Sep 26, 2023

Investment bank Goldman Sachs said it does not believe the Fed will change its policy on higher oil prices.

usoil chart

USOIL: Daily Chart

Oil prices dipped last week but remain elevated above the $90 level.

The jump in prices at the pump, which could worsen a recession threat, may take half a percentage point off consumption growth during the next two quarters but is a manageable headwind, according to Goldman Sachs.

Although consumption is expected to slow into the year-end, Goldman analyst Spencer Hill sees three reasons why higher oil prices are unlikely to cause consumer spending or growth to decline.

He added that the last of the three reasons would be key for the Federal Reserve. “Chair Powell reminded us at the September press conference that the Fed tends not to react to energy price shocks,” he said in a research note.

During the conference, Powell said higher energy prices were “significant” and that “it comes down to how sustained high energy prices are.” He added that “energy prices don’t have that much of a signal about where the economy is going.”

“We do not expect the recent oil move to de-anchor inflation expectations and, in turn, force a policy response.”

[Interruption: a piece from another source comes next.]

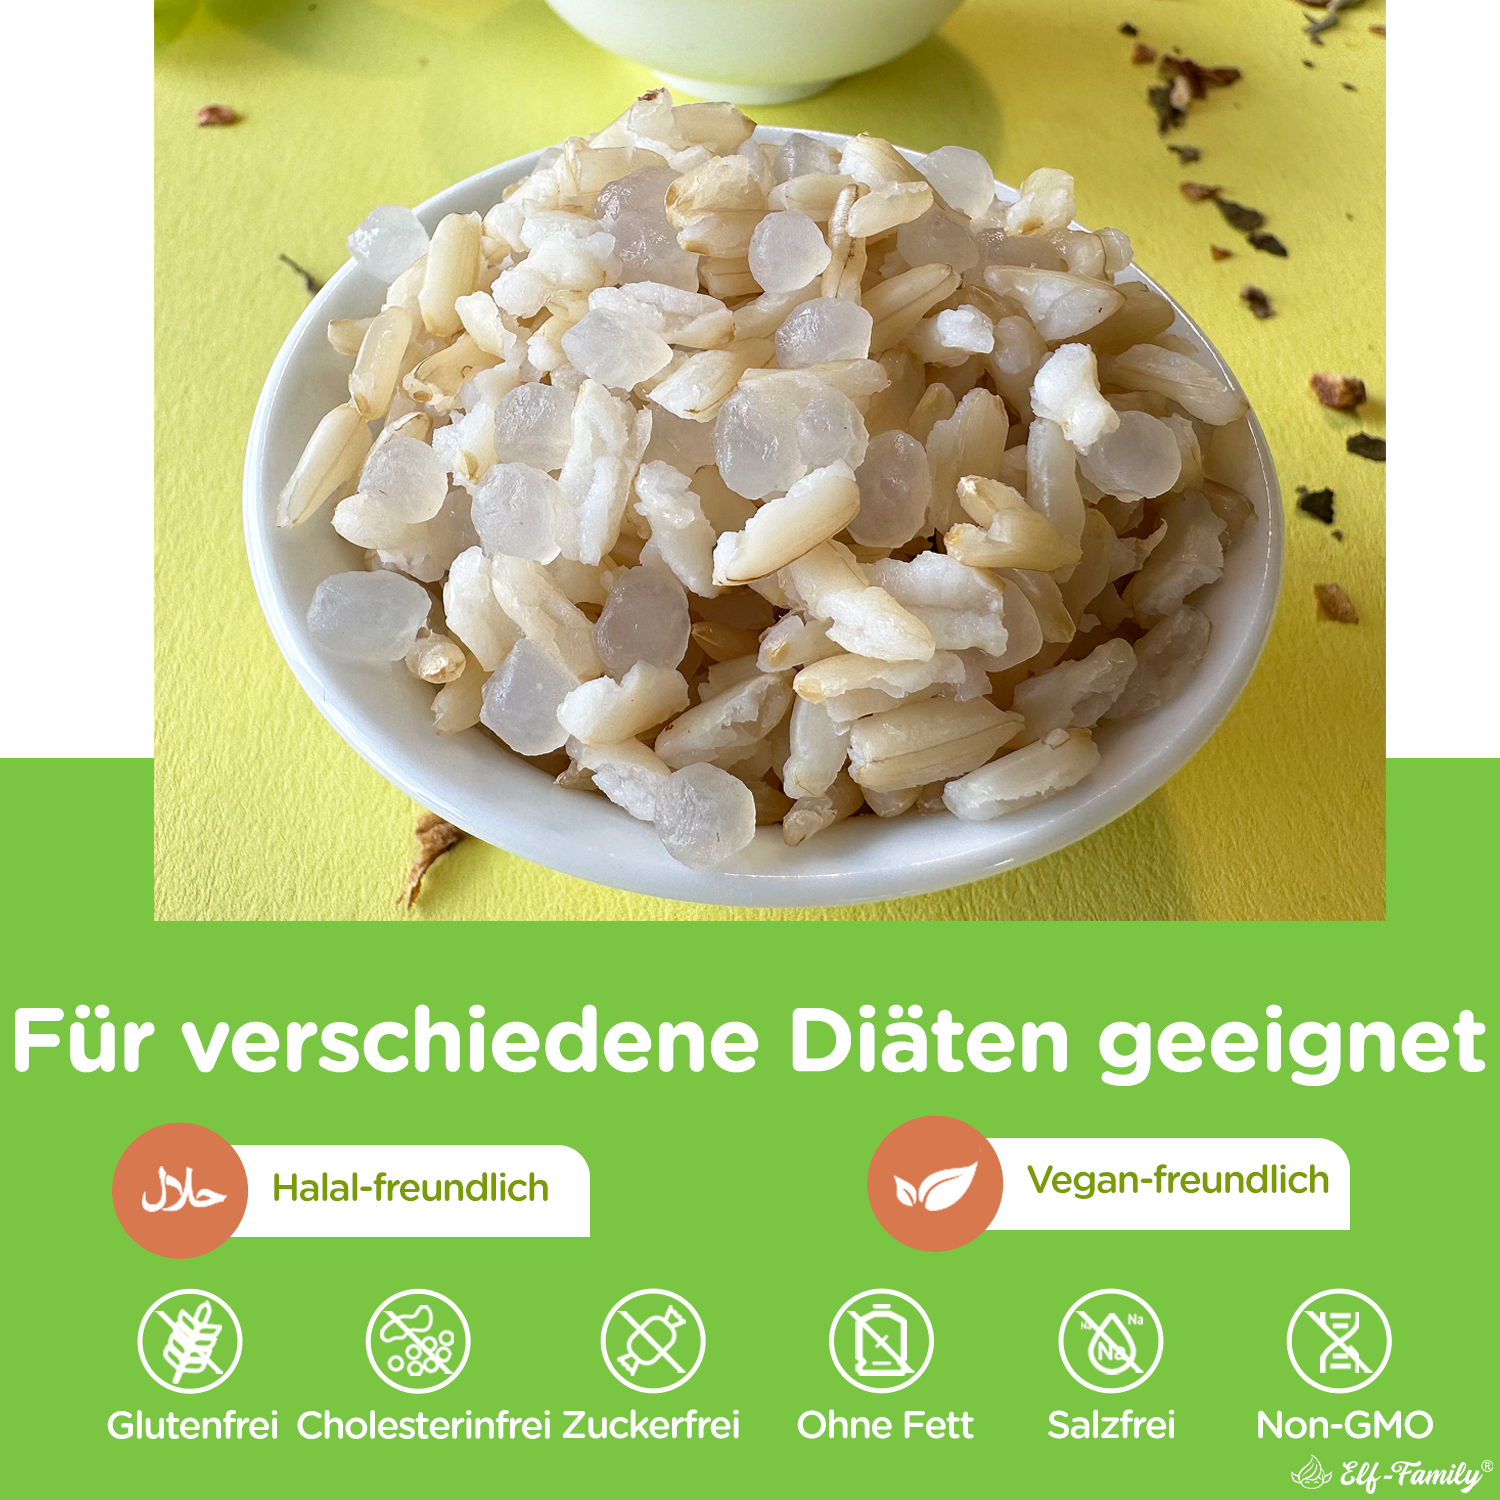 Elf-Family Brauner Jasminreis Konjak Reis Bowl - für Vegan Diät, Ketogene Ernährung, Low Carb Rezepte, Mahlzeitenersatz

The size of the price increase is small; the effects on growth should be partially offset by higher energy-sector CAPEX in addition to lower electricity prices, and higher prices would not lead to further tightening from the Fed, according to the analyst.

Energy accounts for only 4.0% of consumption as of July, and gasoline is 2.3% of that. Despite a $20 jump in crude prices since June, it is less than half the increases in the first six months of 2008 and 2022. The investment bank also thinks most of the gains in gasoline prices have already occurred.

The economy will grow further due to a smaller-than-usual one-tenth percentage point increase in CAPEX over the next year, and a 1% drop in seasonally adjusted electricity prices should also boost consumers in that period.

Jack Janasiewicz, portfolio strategist at Natixis, thinks oil is more of a headwind.

The rapid rise to $100 per barrel could spell trouble for risky assets, he said in comments, stating that oil is one of the key economic risks demanding close attention.